KETIKA KARYAWAN TERBAIK MEMILIKI TINGKAT ENGAGEMENT PALING RENDAH
Sebuah studi yang diselenggarakan oleh Leadership IQ, sebuah perusahaan di Washington DC yang telah 12 tahun menyelenggarakan survei tentang engagement karyawan, membuahkan hasil yang cukup mencengangkan. Dari 207 perusahaan yang dipilih sebagai responden, 42% di antaranya merupakan perusahaan yang disfungsional ditilik dari kondisi para karyawannya. Mereka adalah perusahaan di mana karyawan terbaik, justru memiliki tingkat engagement yang paling rendah.
Karyawan terbaik dari perusahaan tersebut, tidak benar-benar peduli dengan apa yang mereka kerjakan untuk perusahaan. Karyawan-karyawan tersebut merasa terdiskoneksi dengan pekerjaan mereka dan tidak termotivasi untuk datang ke tempat kerja. Sedangkan karyawan yang kurang berkualitas tidak tahu bahwa kinerja mereka sebetulnya buruk. Dan sayangnya, justru mereka lah yang memiliki tingkat engagement tinggi pada perusahaan tersebut.
CEO Leadership IQ, Mark Murphy mengungkapkan bahwa perusahaan perlu memberikan perhatian khusus pada fenomena tersebut. Pasalnya karyawan terbaik itu cenderung lebih tertantang dan tertarik untuk terlibat dalam proyek perusahaan. Mereka juga dapat diandalkan sebagai perwakilan perusahaan untuk bertemu klien. Jika mereka merasa bosan dan kurang dihargai, mereka menjadi enggan bicara dengan atasan, tidak lagi terhubung dengan apa yang ia kerjakan dan akhirnya mencari peruntungan di tempat lain.
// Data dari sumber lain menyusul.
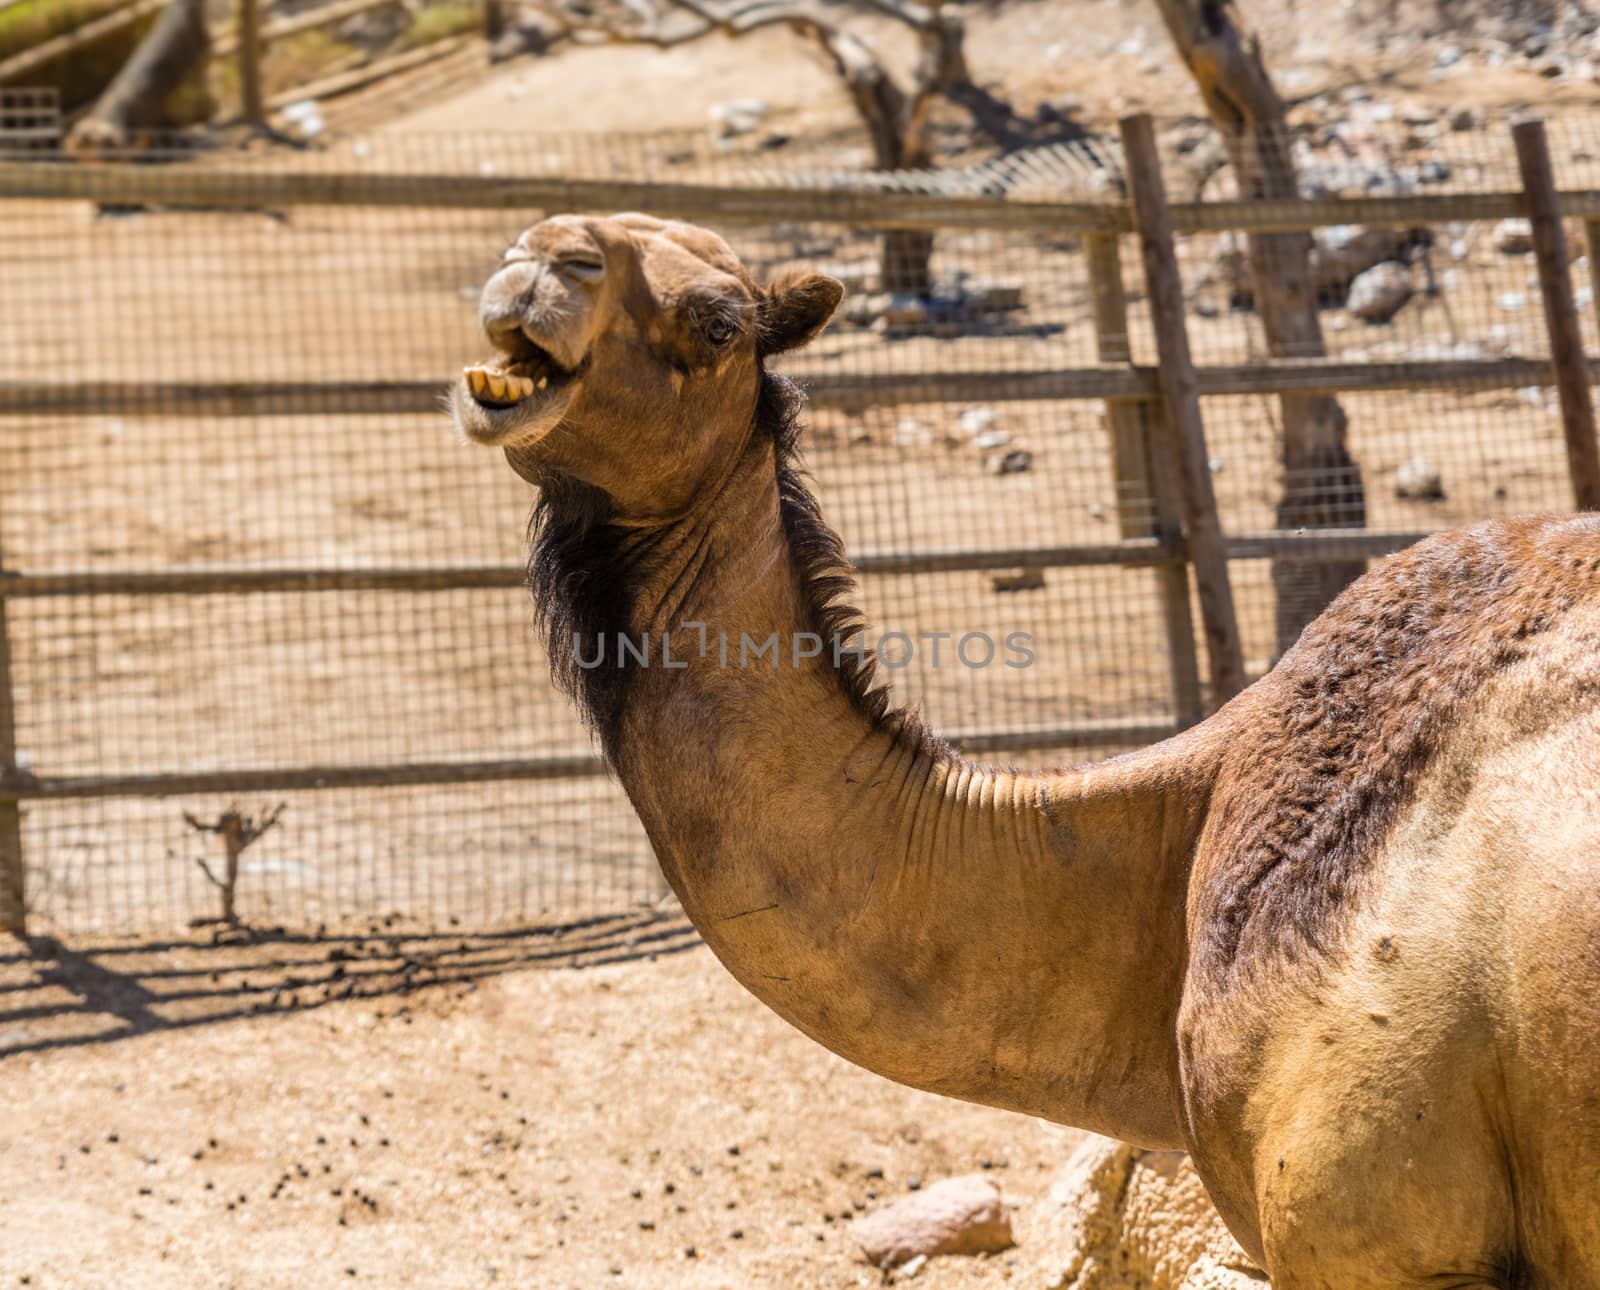 camels smiling

Lain halnya dengan karyawan berkinerja buruk, mereka tidak sadar bahwa output kerjanya tidak berkualitas. Terhadap orang-orang seperti itu justru manager menginginkan mereka untuk disengaged dan mencari kerja di tempat lain jika mereka tidak mau berimprovisasi sehingga menjadi lebih produktif.
Apa yang menyebabkan karyawan dari middle hingga high performance tersebut menjadi tidak engaged? Menurut Murphy seperti dikutip dari Forbes.com, hal itu terjadi karena perusahaan gagal mengimplementasikan pelajaran mendasar dari sebuah leadership yang baik. Seharusnya, dari awal perusahaan menetapkan standar kinerja yang jelas dan bersikap transparan terhadap apa yang diharapkan dari karyawan. Penting juga bagi perusahaan untuk berkomunikasi dengan karyawan tentang performance mereka. Saat-saat seperti apa yang membuat mereka terdemotivasi, dan pekerjaan seperti apa yang membuat mereka bersemangat kerja.
Untungnya, selain mengungkap fakta negatif tentang engagement karyawan, studi tersebut juga mengabarkan berita bagus bahwa 50% dari perusahaan yang disurvei telah menerapkan strategi yang tepat dalam memperlakukan karyawannya dalam meningkatkan engagement.